The computing device 1200 may be connected to a mass storage device 1228 that provides non-volatile storage for the computer. The mass storage device 1228 may store system programs, application programs, other program modules, and data, which have been described in greater detail herein. The mass storage device 1228 may be connected to the computing device 1200 through a storage controller 1224 connected to the chipset 1206. The mass storage device 1228 may consist of one or more physical storage units. The mass storage device 1228 may comprise a management component 1210. A storage controller 1224 may interface with the physical storage units through a serial attached SCSI (SAS) interface, a serial advanced technology attachment (SATA) interface, a fiber channel (FC) interface, or other type of interface for physically connecting and transferring data between computers and physical storage units.
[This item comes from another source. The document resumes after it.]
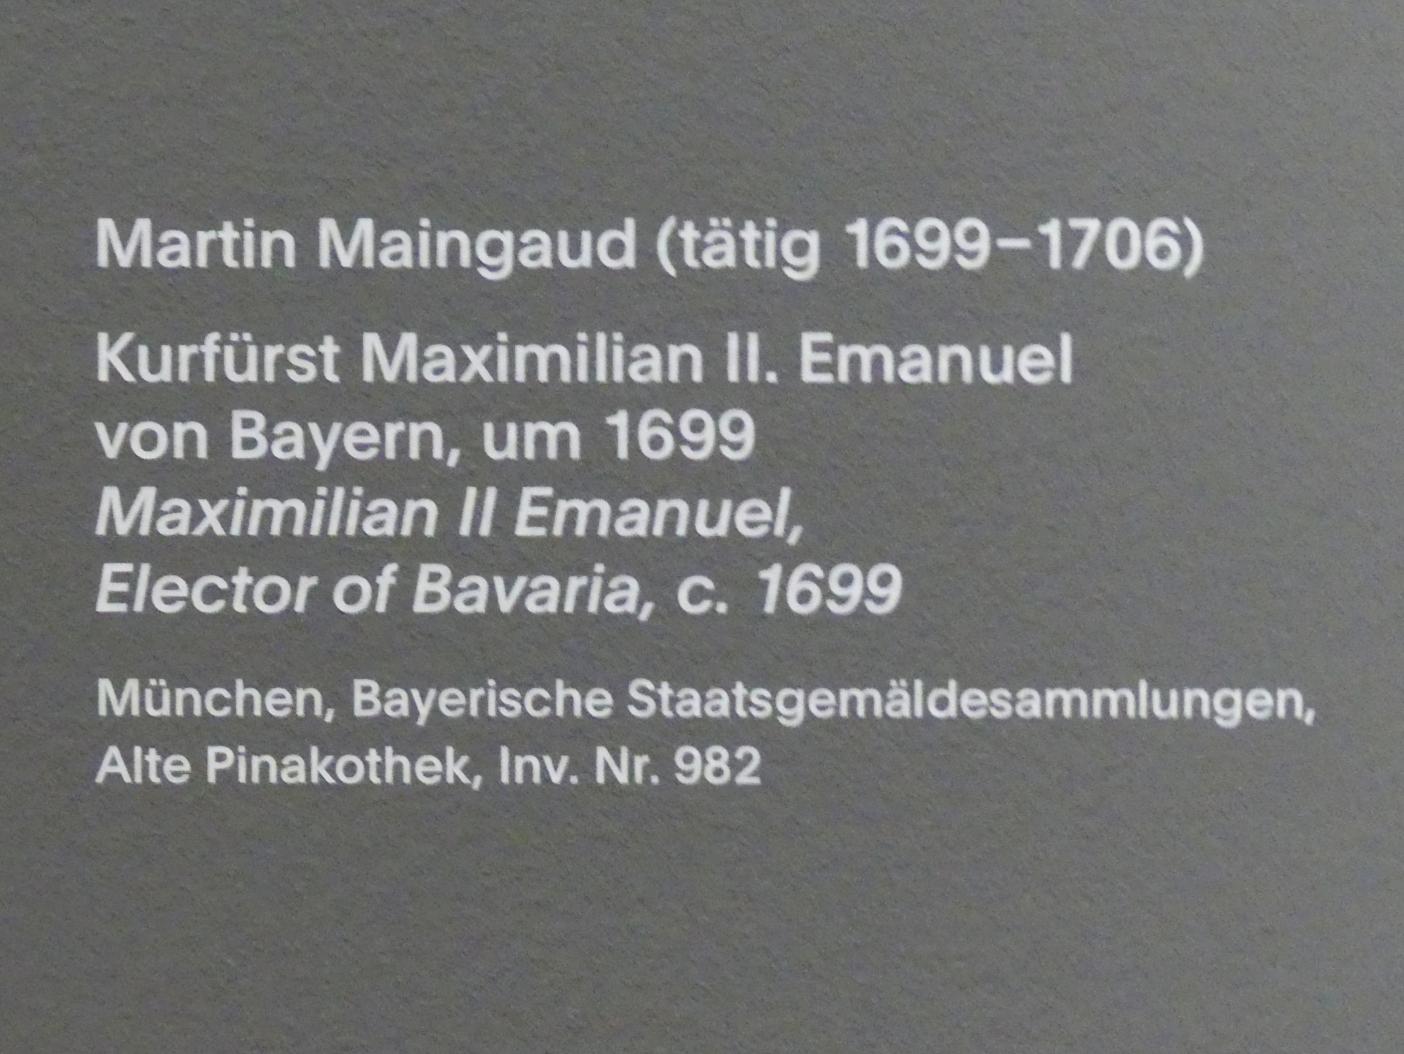 Martin Maingaud (1699), Kurfürst Maximilian II. Emanuel von Bayern, München, Alte Pinakothek, Ausstellung "Van Dyck" vom 25.10.2019-02.02.2020, Eingang, um 1699, Bild 2/2

The computing device 1200 may store data on the mass storage device 1228 by transforming the physical state of the physical storage units to reflect the information being stored. The specific transformation of a physical state may depend on various factors and on different implementations of this description. Examples of such factors may include, but are not limited to, the technology used to implement the physical storage units and whether the mass storage device 1228 is characterized as primary or secondary storage and the like.

For example, the computing device 1200 may store information to the mass storage device 1228 by issuing instructions through a storage controller 1224 to alter the magnetic characteristics of a particular location within a magnetic disk drive unit, the reflective or refractive characteristics of a particular location in an optical storage unit, or the electrical characteristics of a particular capacitor, transistor, or other discrete component in a solid-state storage unit. Other transformations of physical media are possible without departing from the scope and spirit of the present description, with the foregoing examples provided only to facilitate this description. The computing device 1200 may further read information from the mass storage device 1228 by detecting the physical states or characteristics of one or more particular locations within the physical storage units.
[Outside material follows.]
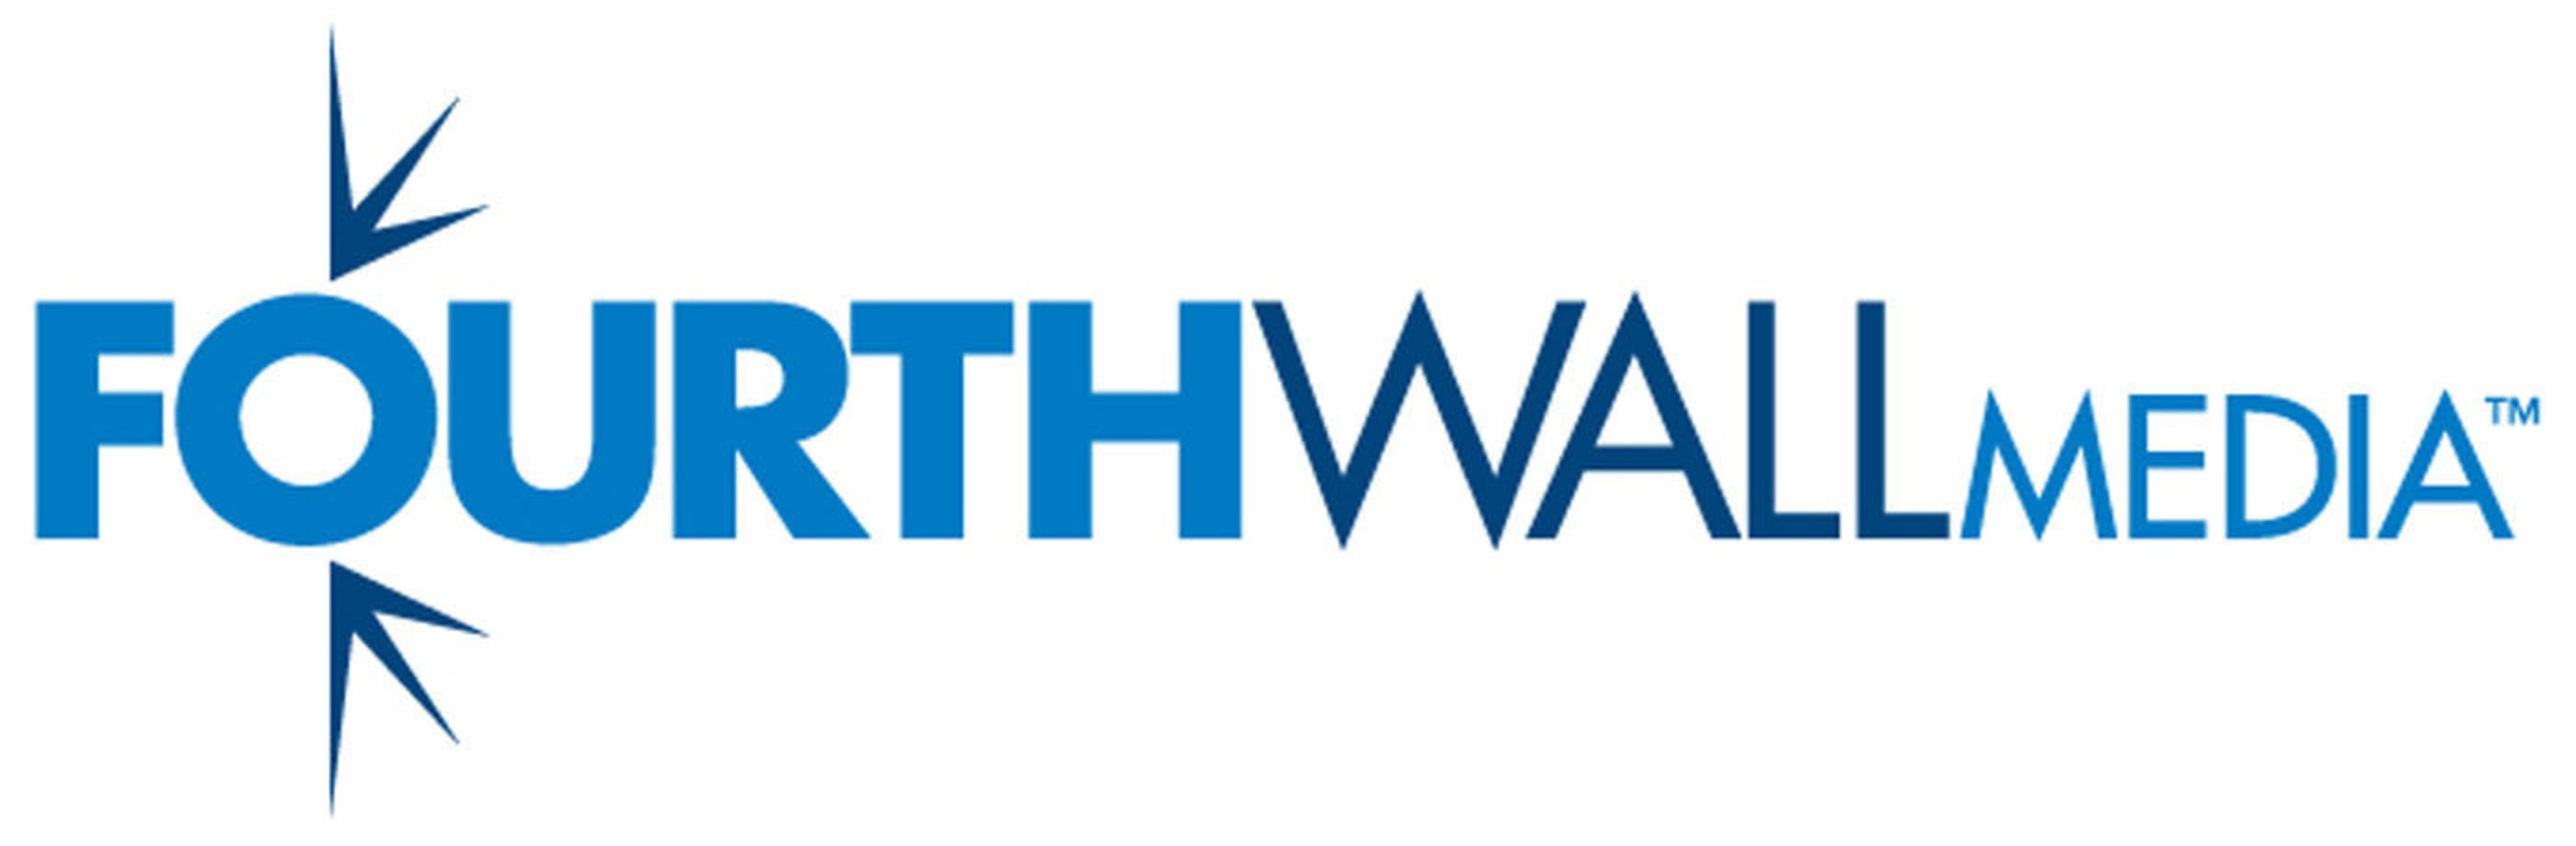 FourthWall Media Logo.

In addition to the mass storage device 1228 described above, the computing device 1200 may have access to other computer-readable storage media to store and retrieve information, such as program modules, data structures, or other data. It should be appreciated by those skilled in the art that computer-readable storage media may be any available media that provides for the storage of non-transitory data and that may be accessed by the computing device 1200.
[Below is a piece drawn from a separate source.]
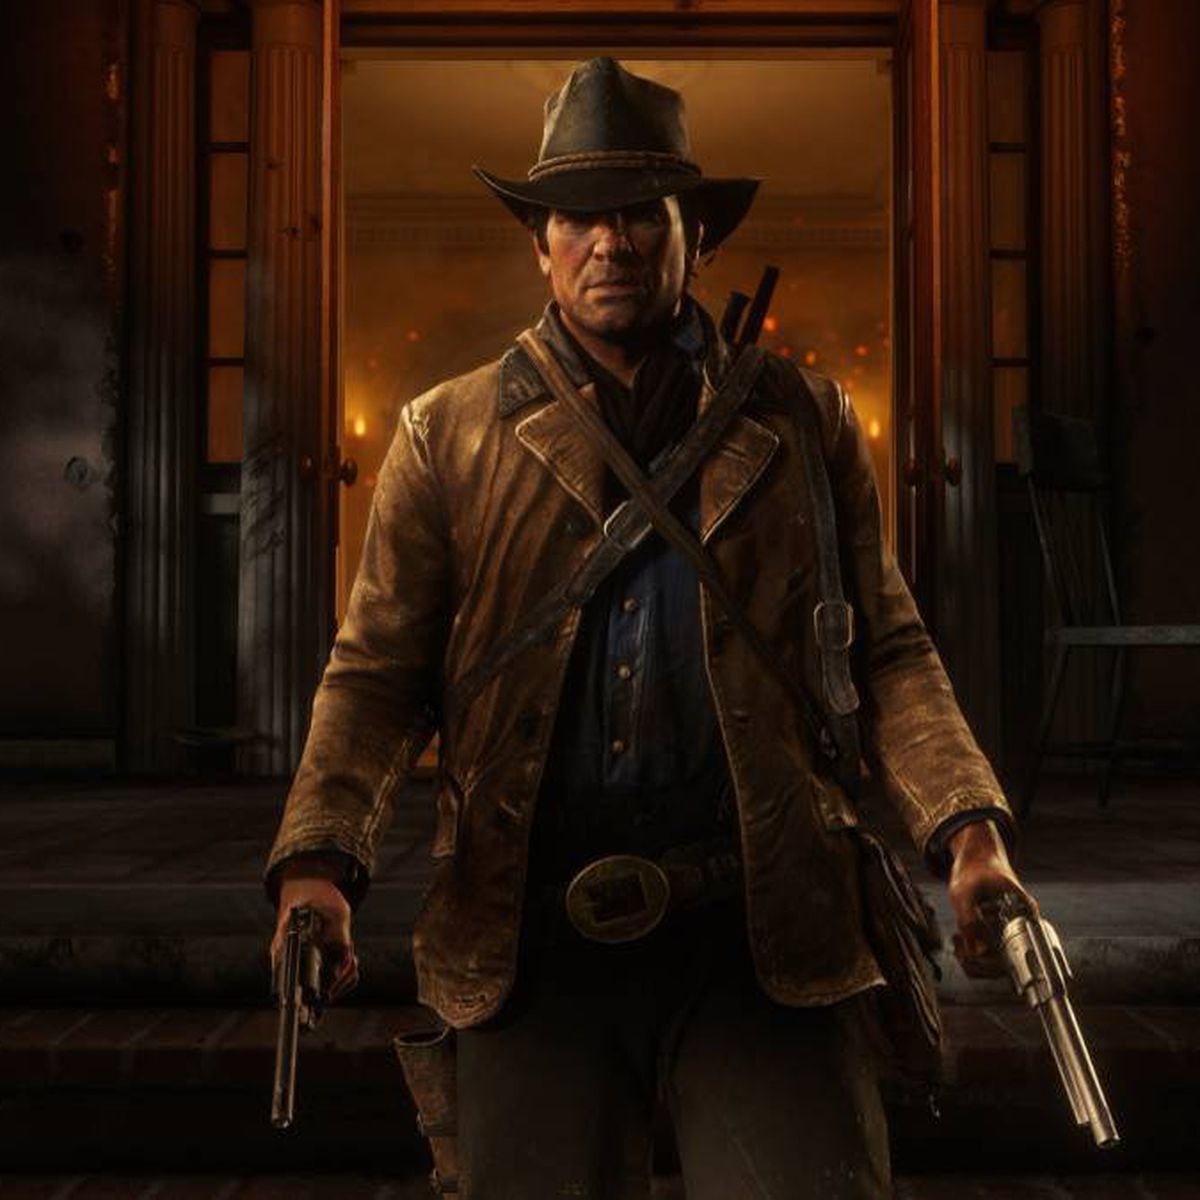 Red Dead Redemption 2 en PC: requisitos mínimos y recomendados

By way of example and not limitation, computer-readable storage media may include volatile and non-volatile, transitory computer-readable storage media and non-transitory computer-readable storage media, and removable and non-removable media implemented in any method or technology. Computer-readable storage media includes, but is not limited to, RAM, ROM, erasable programmable ROM (“EPROM”), electrically erasable programmable ROM (“EEPROM”), flash memory or other solid-state memory technology, compact disc ROM (“CD-ROM”), digital versatile disk (“DVD”), high definition DVD (“HD-DVD”), BLU-RAY, or other optical storage, magnetic cassettes, magnetic tape, magnetic disk storage, other magnetic storage devices, or any other medium that may be used to store the desired information in a non-transitory fashion.

A mass storage device, such as the mass storage device 1228 depicted in FIG. 12, may store an operating system utilized to control the operation of the computing device 1200. The operating system may comprise a version of the LINUX operating system. The operating system may comprise a version of the WINDOWS SERVER operating system from the MICROSOFT Corporation. According to further aspects, the operating system may comprise a version of the UNIX operating system. Various mobile phone operating systems, such as IOS and ANDROID, may also be utilized. It should be appreciated that other operating systems may also be utilized. The mass storage device 1228 may store other system or application programs and data utilized by the computing device 1200.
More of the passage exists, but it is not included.